EXERCISE DESCRIPTION> Output every line of the material exactly, omitting images.

SOURCE MATERIAL>
***

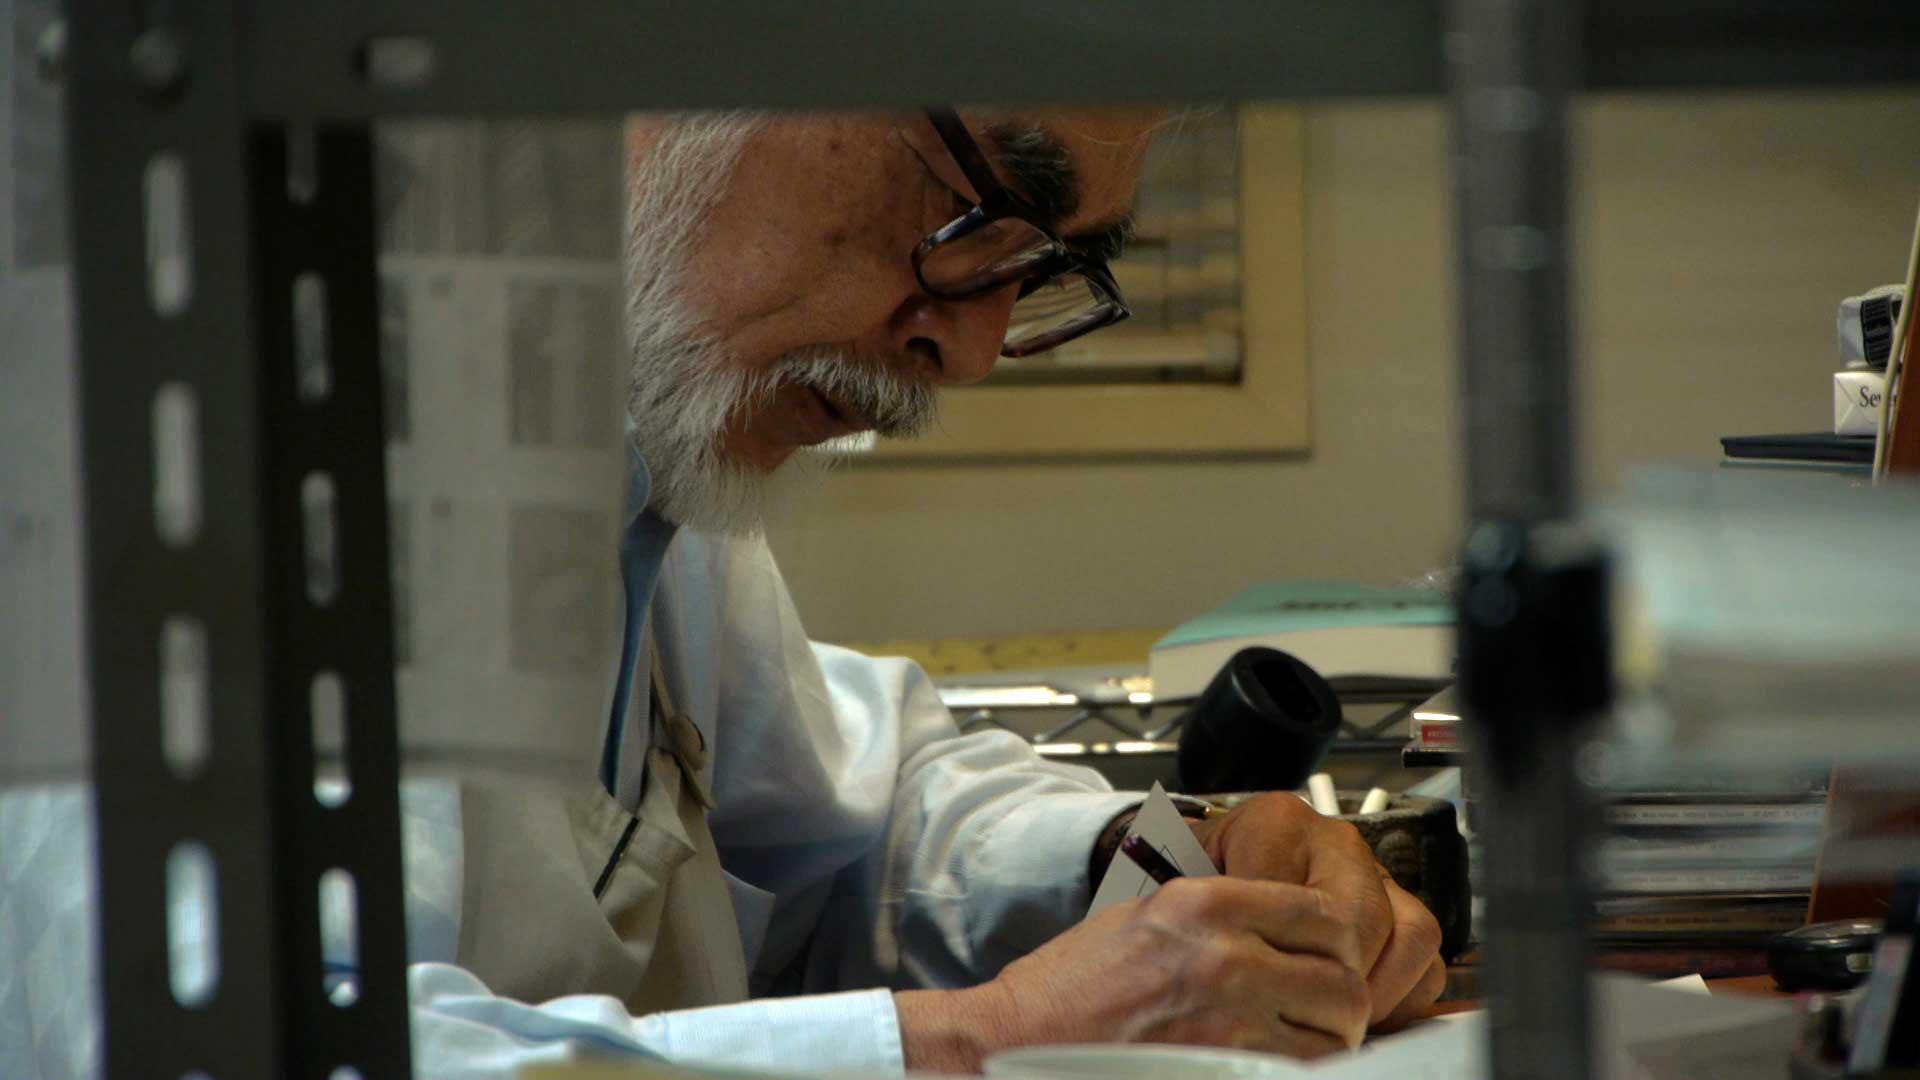 Hayao-Miyazaki-working-on-THE-WIND-RISES-©-2013-dwango
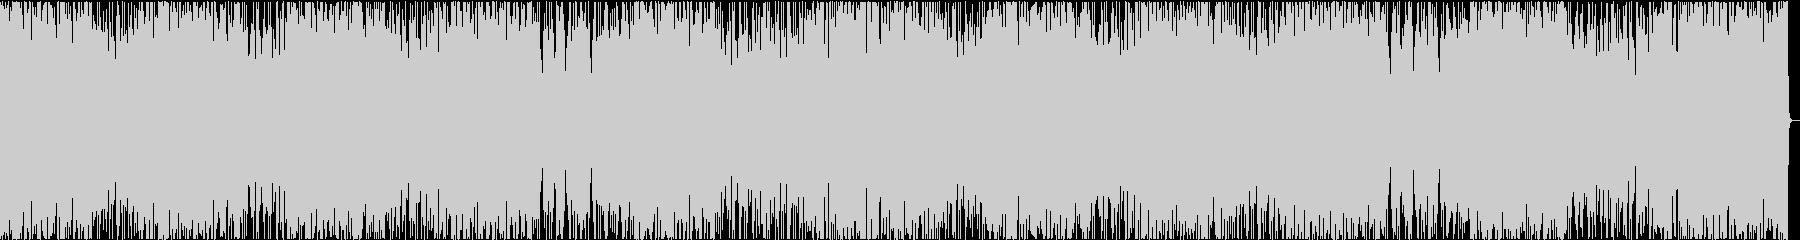 Ikeike / Fast Jazz's unreproduced waveform
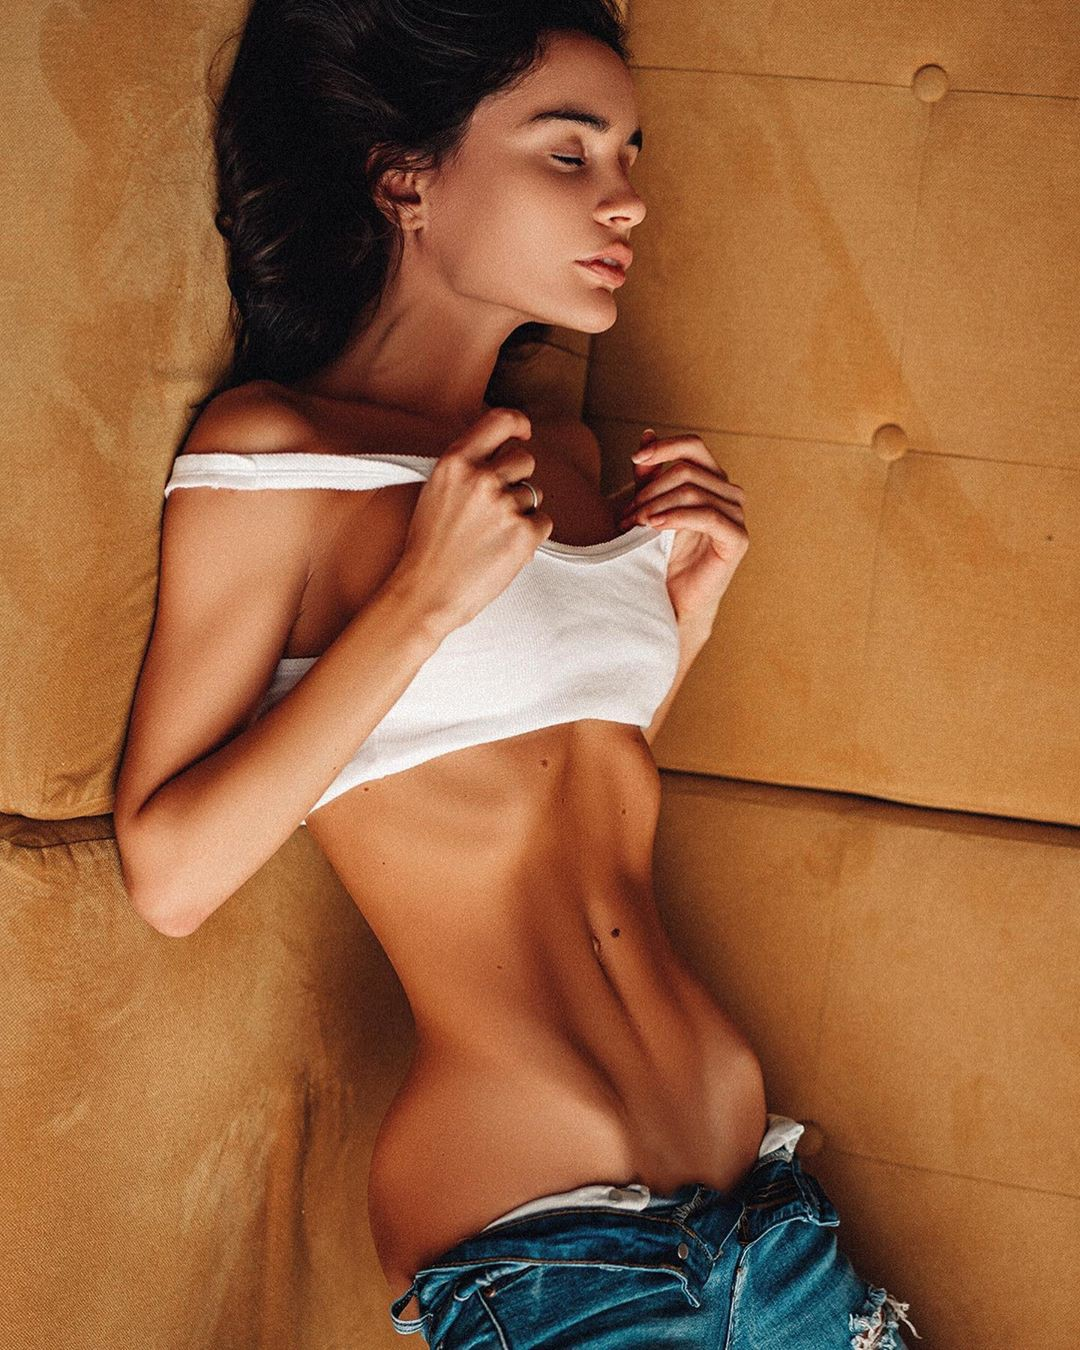 Ekaterina Zueva fine legs, muscle pic, Black Hairstyle Ideas

***

YOUR RESPONSE>
 Hayao-Miyazaki-working-on-THE-WIND-RISES-©-2013-dwango
 Ikeike / Fast Jazz's unreproduced waveform
 Ekaterina Zueva fine legs, muscle pic, Black Hairstyle Ideas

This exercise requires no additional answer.